Mit Bezug auf den Fotografen Kyle Knight schreiben Sie, dass partizipatorische Fotografie das Verständnis für Lebensumstände erweitert und über das hinausgeht, was in Büchern steht. Was genau ist das? Was kann eine Fotografie, was ein Buch nicht kann?
Nun, es geht nicht nur um den Unterschied zwischen einer Fotografie und einem Text, sondern erst mal darum wie dieses Verständnis der Welt durch die Fotografie oder das Fotografieren entsteht.
Grundsätzlich hat Fotografie schon immer als billiges Dokumentationsmedium anthropologische oder soziologische Forschungen unterstützt. Die Eindrücke im Feld wurden auf Fotografien festgehalten als Unterstützung der Notizen des Forschers. In der späteren Auswertung erwies sich das Vermögen der Fotografie auch Einzelheiten festzuhalten, denen sich der Forscher im Moment der Aufnahme gar nicht bewußt war oder deren Bedeutung er in diesem Moment noch nicht kannte als sehr hilfreich. Die Möglichkeit alle – auch die unbewußt gebliebenen – Bildelemente in ihrer augenblicklichen Gesamtheit und Zuordnung zu einander im Nachhinein zu erfassen prägte das Verständnis um das Forschungssubjekt. Ein ganz gehöriger Zugang zur Lebenswelt sozusagen.
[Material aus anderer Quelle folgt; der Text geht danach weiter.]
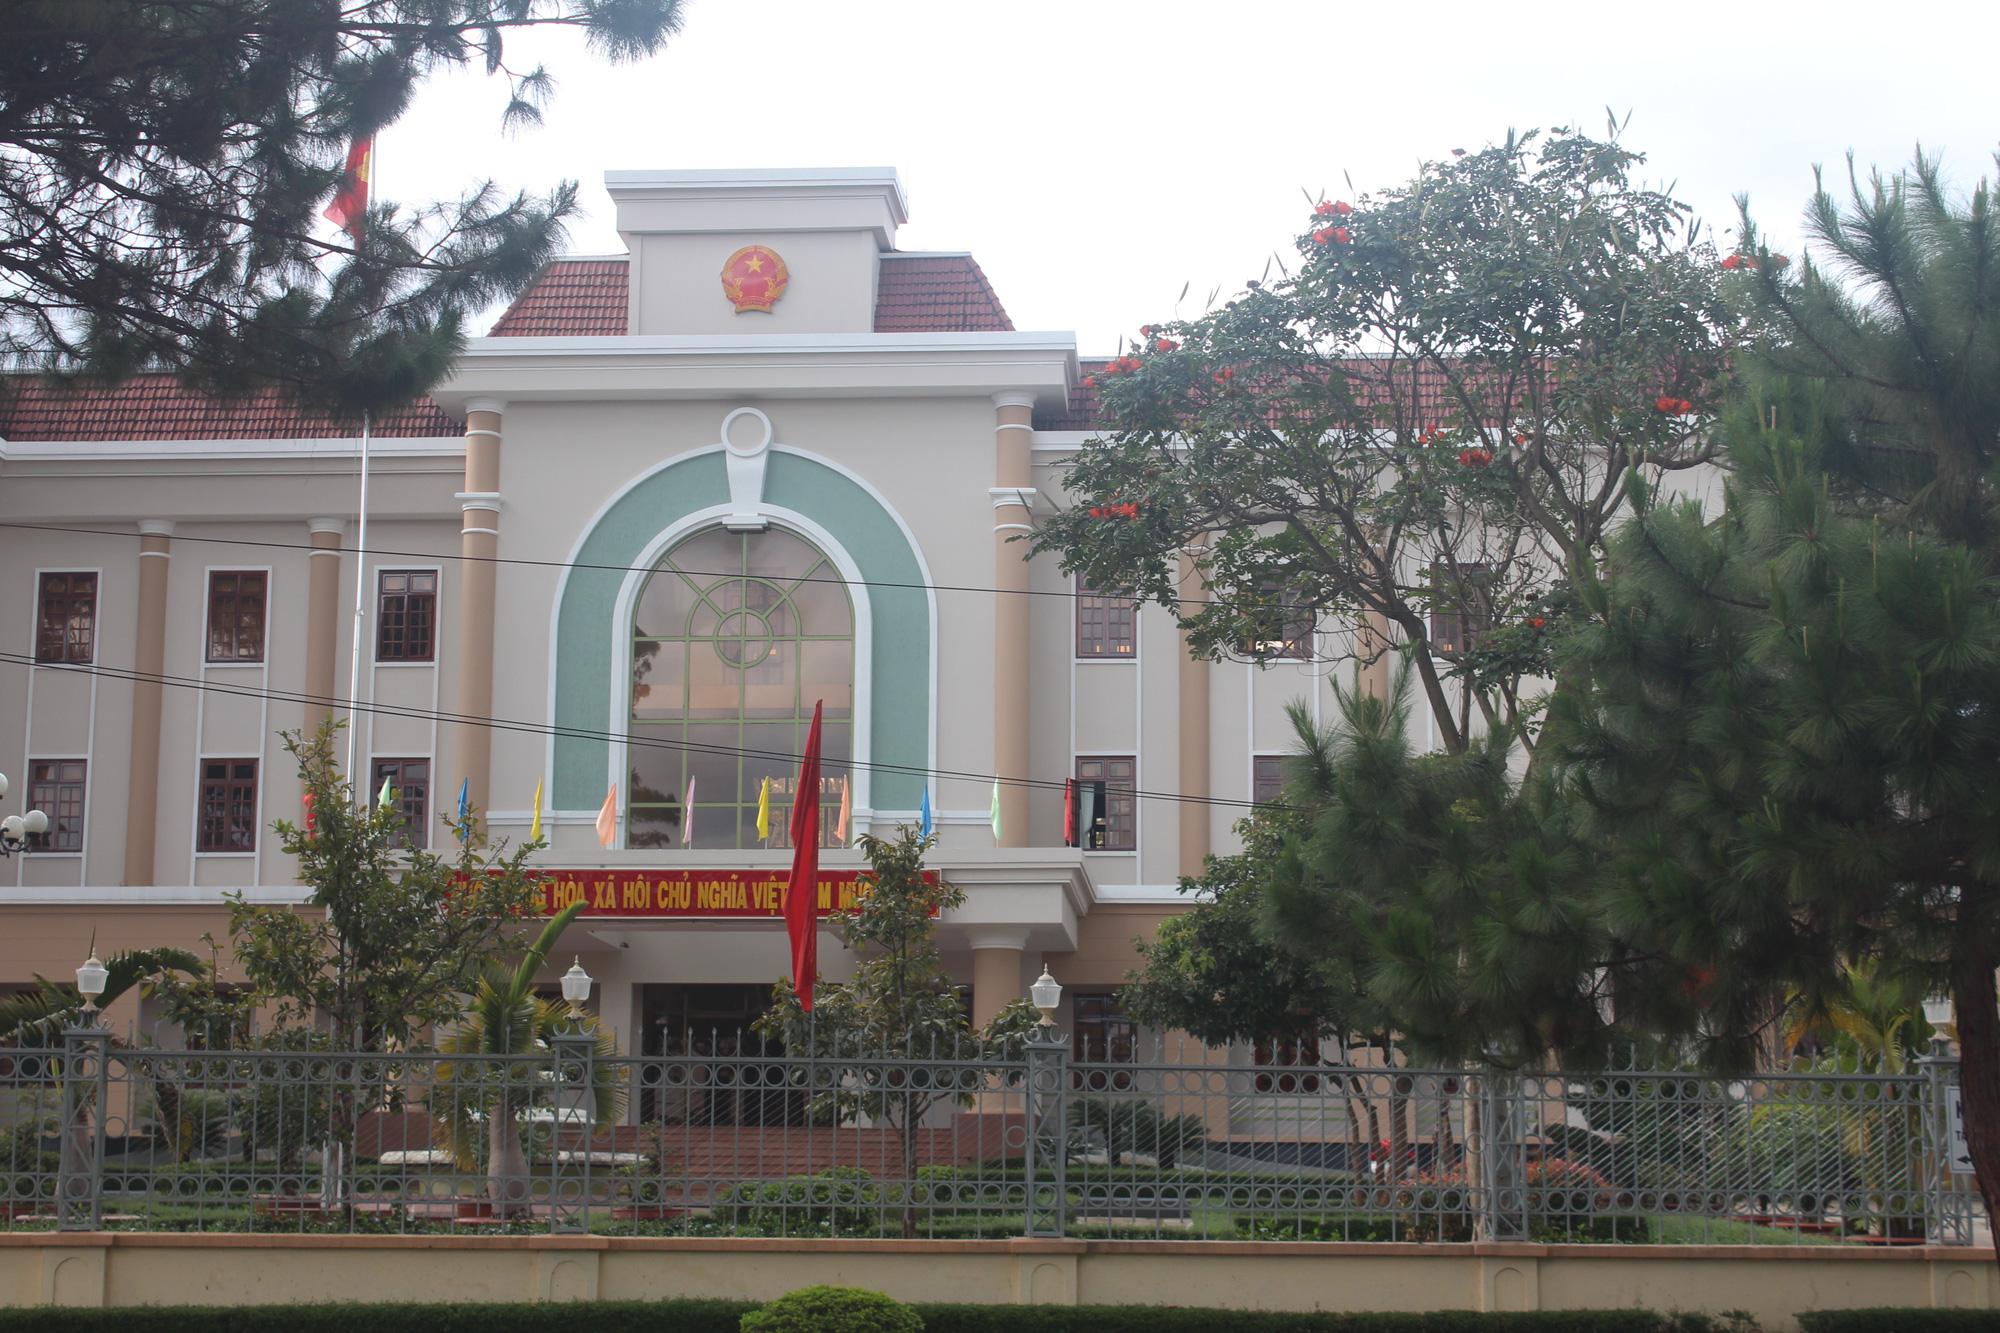 Bầu đại biểu Hội đồng Nhân dân tỉnh, Gia Lai sẽ loại 20 người - Ảnh 1.
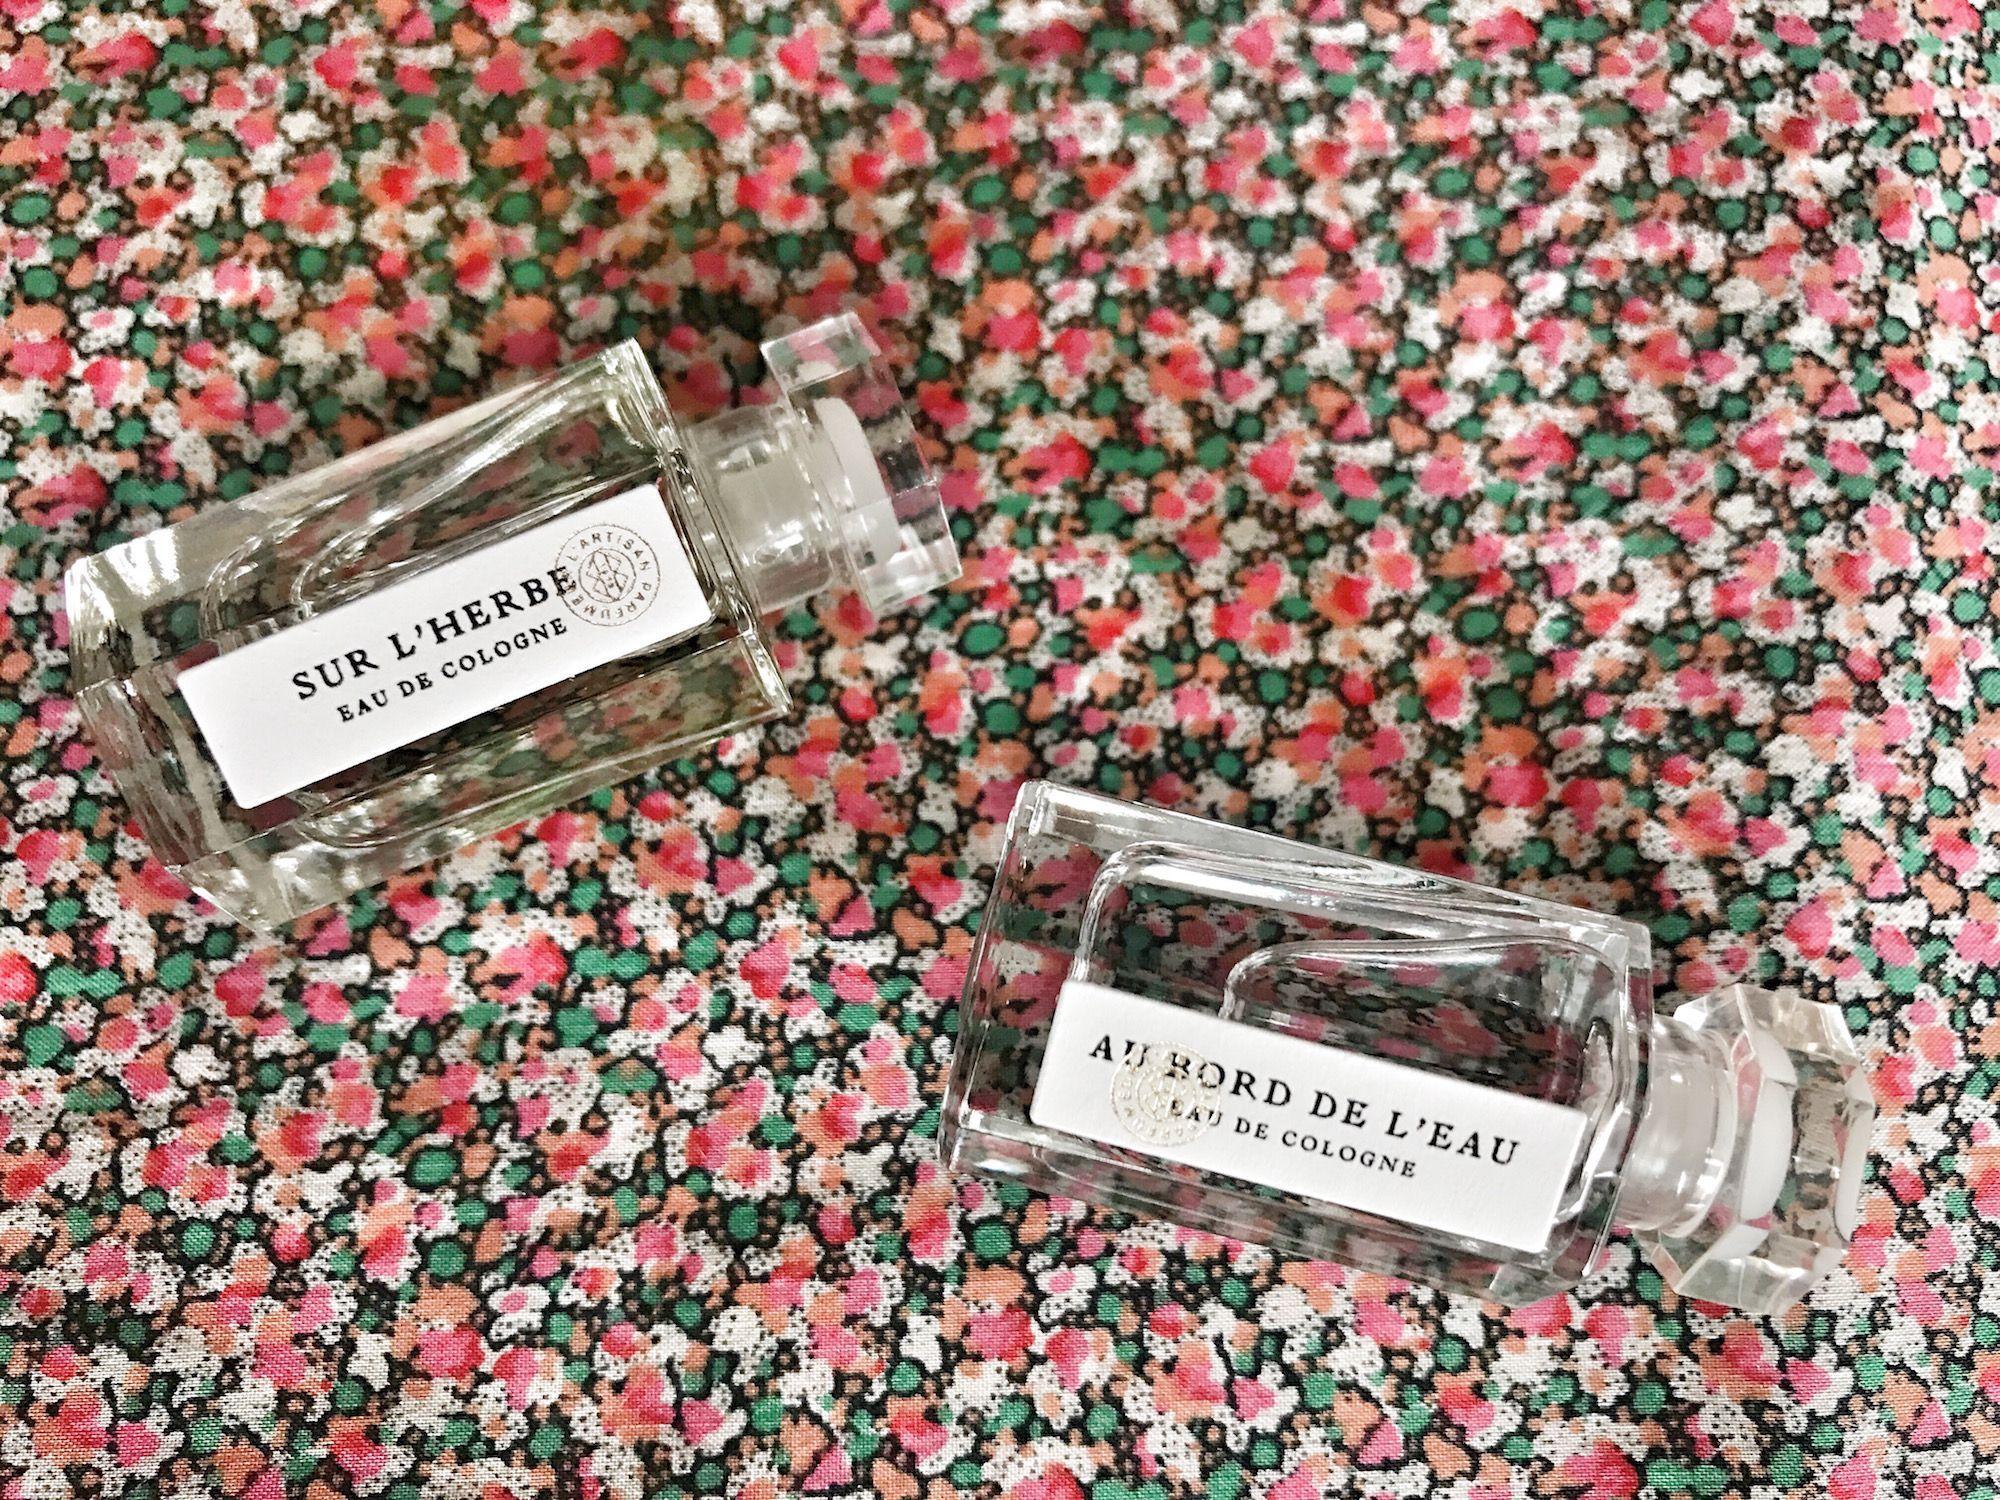 Le colonie de L'artisan Parfumeur

In der partizipatorischen Fotografie ist nun viel wichtiger, dass meine Foto-Partner mitmachen und wie weit sie mitmachen wollen. Ich bin auf sie angewiesen um die Bilder zu erzeugen, die dann unser Verständnis der Lebenswelt abbildet und deutet. Das heißt hier entsteht schon in der Zusammenarbeit ein Verständnis für diese Person und ihre Lebensumstände. Das hat damit zu tun, dass diese Zusammenarbeit den Forscher/Fotografen lenkt auf das, was Bedeutung für den Partner hat. Also nicht Straßen als Name, sondern was die Straße bedeutet beispielsweise. Als persönliche oder geschichtliche Erinnerung. Oder welche Handbewegung nicht zufällig, sondern eine Geste ist, wie und wann sie gebraucht wird und was sie bedeutet. In dieser Kooperation kommen zwei Experten zusammen. Einer für Fotografie und Darstellung und einer für die Welt und ihre Bedeutung. Hier kann der subjektive Raum wie er von einer Ortsgemeinschaft erlebt wird in der Fotografie zum Vorschein kommen. Und dadurch repräsentiert eine solche Fotografie oft die Eigenerzählung der Menschen viel besser und lässt die Fotografie viel weiter in den Alltag hineinreichen und wirksam werden.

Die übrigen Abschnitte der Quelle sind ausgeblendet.